For now watch keys are just strings that are matched with contains, against the classpath entries in the loaded application, such as a jar name or a project directory name. These classes are then loaded with a special ClassLoader that is recycled when a change is detected.

ktor-server-core classes are specifically excluded from auto-reloading, so if you are working on something in ktor itself, don’t expect it to be reloaded automatically. It cannot work because core classes are loaded before the auto-reload kicks in. The exclusion can potentially be smaller, but it is hard to analyze all the transitive closure of types loaded during startup.

Recompiling automatically on source changes

Since the Autoreload feature only detects changes in class files, you have to compile the application by yourself. You can do it using IntelliJ IDEA with Build -> Build Project while running.

However, you can also use gradle to automatically detect source changes and compile it for you. You can just open another terminal in your project folder and run: gradle -t build.

It will compile the application, and after doing so, it will listen for additional source changes and recompile when necessary. And thus, triggering Automatic class reloading.

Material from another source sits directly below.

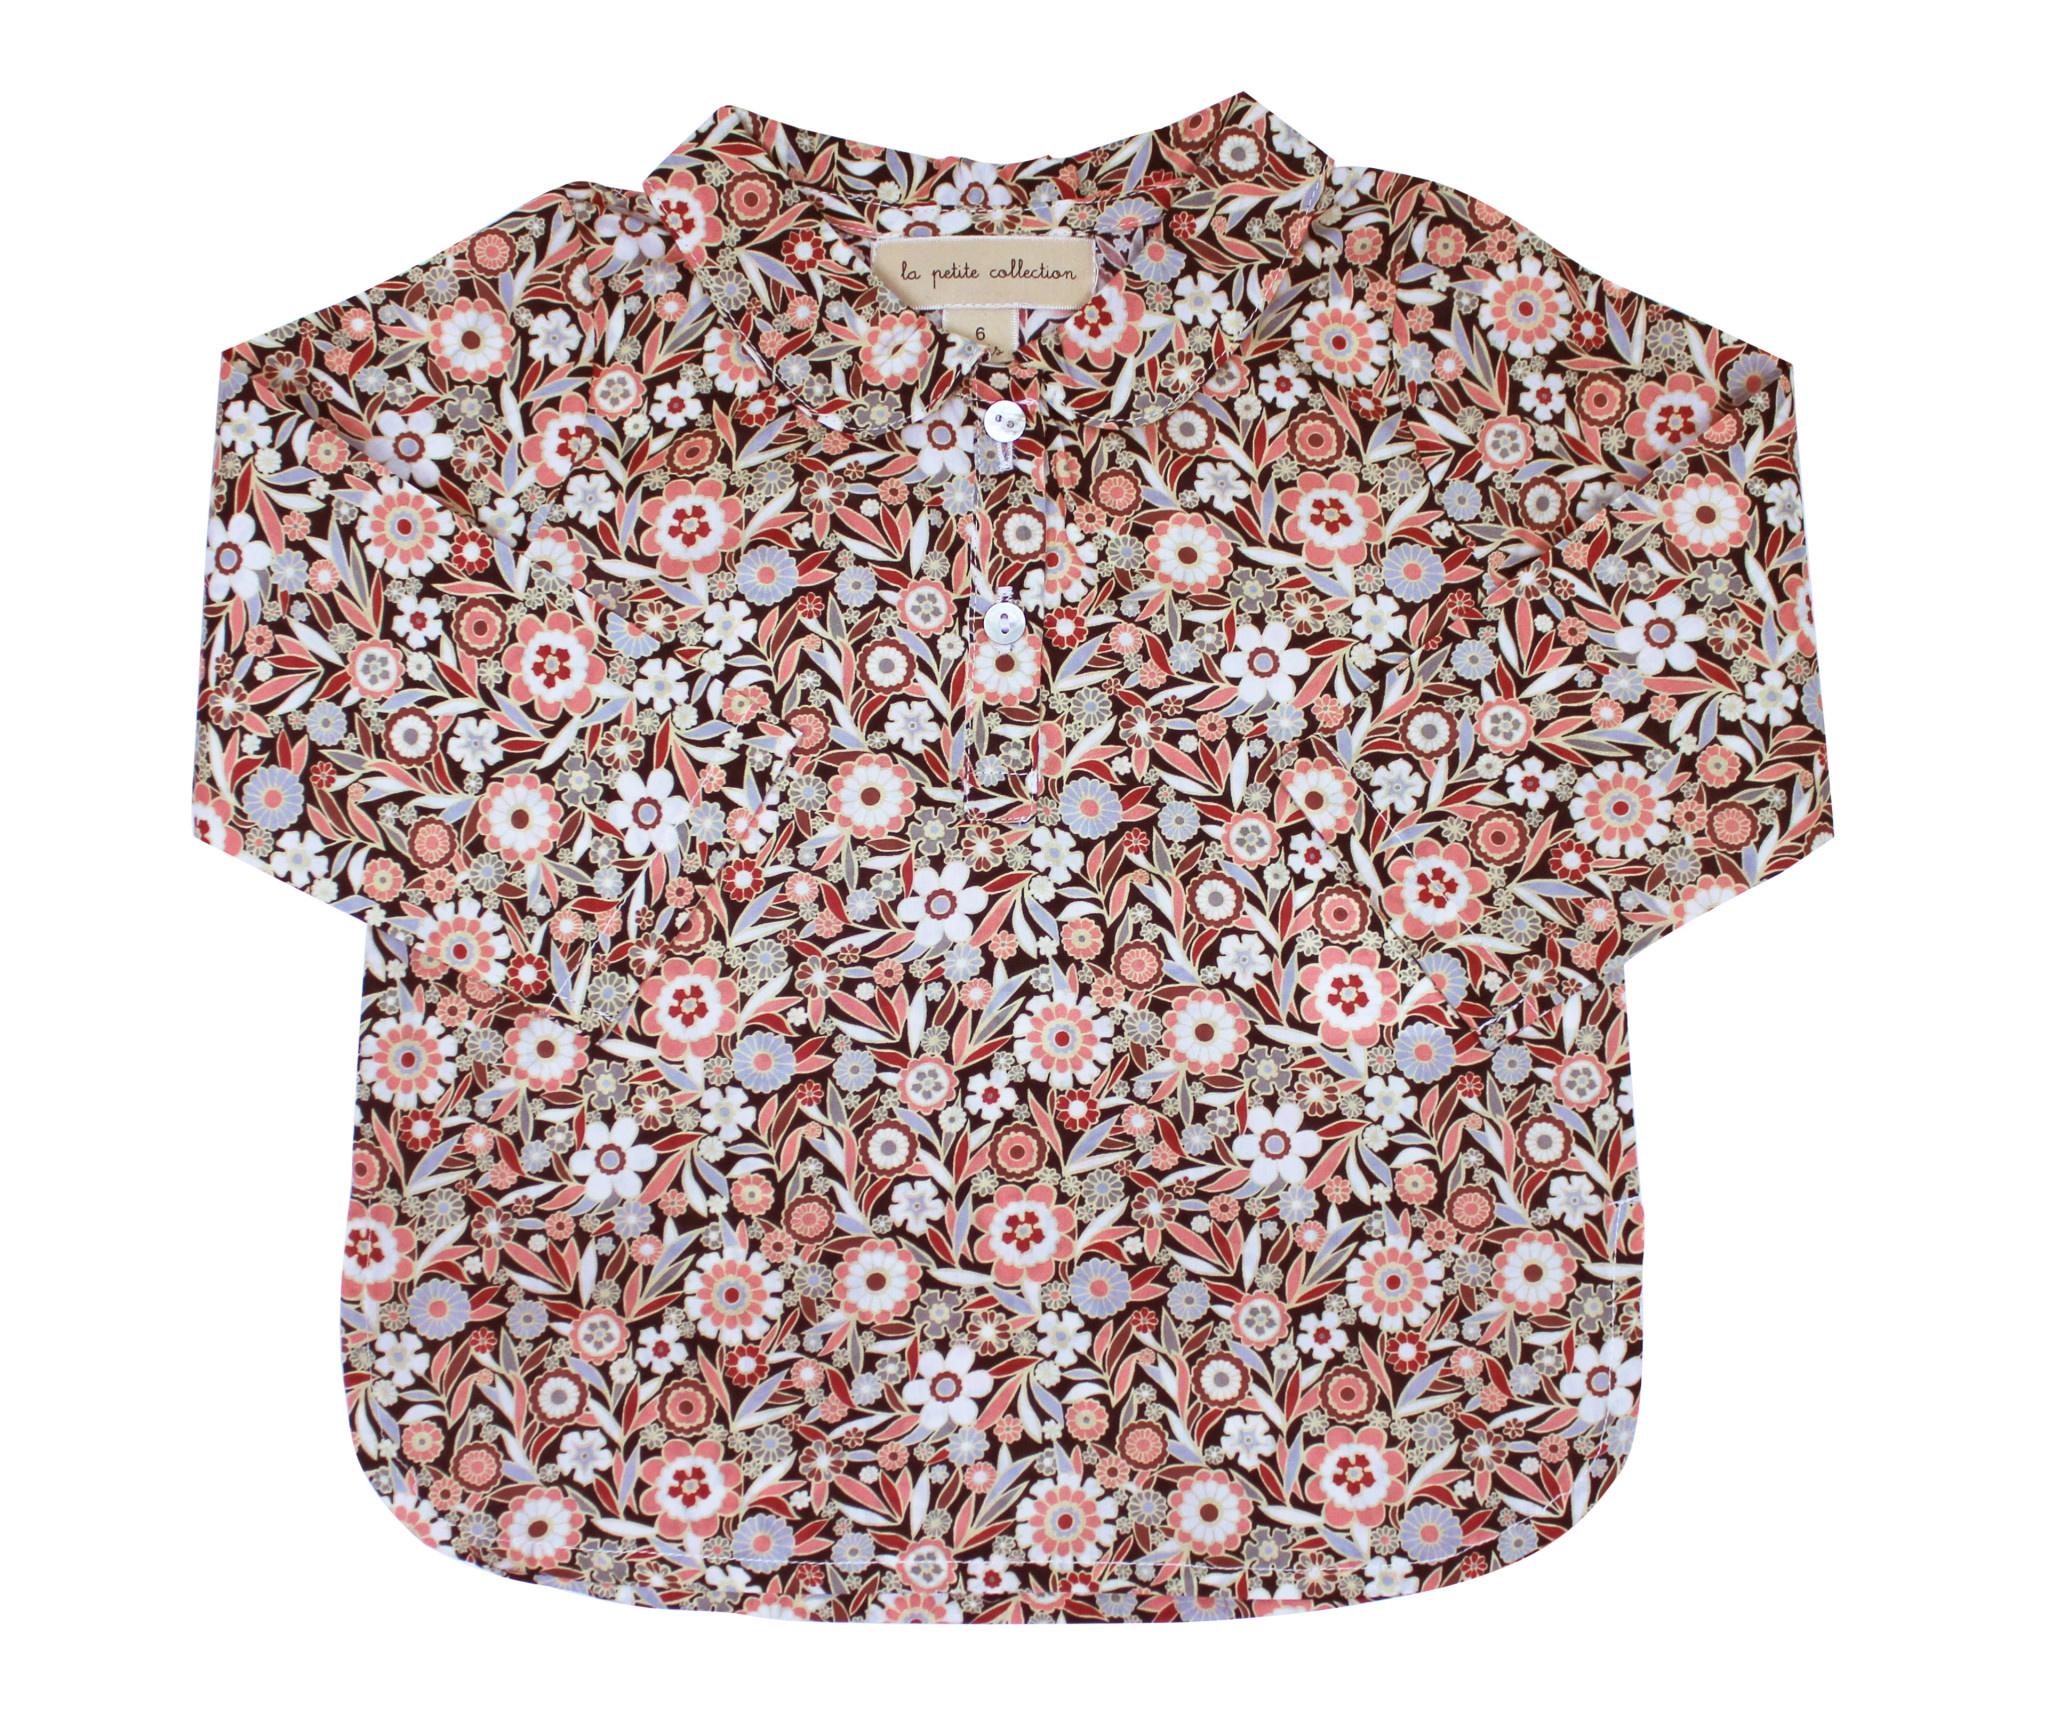 la petite collection Claudine Shirt Operetta

You can then use another terminal to run the application with gradle run.

Example

Consider the following example:

You can run the application by using either a build.gradle or directly within your IDE. Executing the main method in the example file, or by executing: io.ktor.server.netty.DevelopmentEngine.main. DevelopmentEngine using commandLineEnvironment will be in charge of loading the application.conf file (that is in HOCON format).

Main.kt:

package io.ktor.exercise.autoreload

import io.ktor.application.*
import io.ktor.http.*
import io.ktor.response.*
import io.ktor.routing.*
import io.ktor.server.engine.*
import io.ktor.server.netty.*

// Exposed as: `static void io.ktor.exercise.autoreload.MainKt.main(String[] args)`
fun main(args: Array<String>) {
    //io.ktor.server.netty.main(args) // Manually using Netty's DevelopmentEngine
    embeddedServer(
        Netty, watchPaths = listOf("solutions/exercise4"), port = 8080,
        module = Application::module
    ).apply { start(wait = true) 
}

// Exposed as: `static void io.ktor.exercise.autoreload.MainKt.module(Application receiver)`
fun Application.module() {
    routing {
        get("/plain") {
            call.respondText("Hello World!")
        }
    }
}

application.conf:

ktor {
    deployment {
        port = 8080
        watch = [ solutions/exercise4 ]
    }

    application {
        modules = [ io.ktor.exercise.autoreload.MainKt.module ]
    }
}

As you can see, you need to specify a list of strings to match the classloaders you want to watch –in this case only solutions/exercise4– which should then be reloaded upon modification.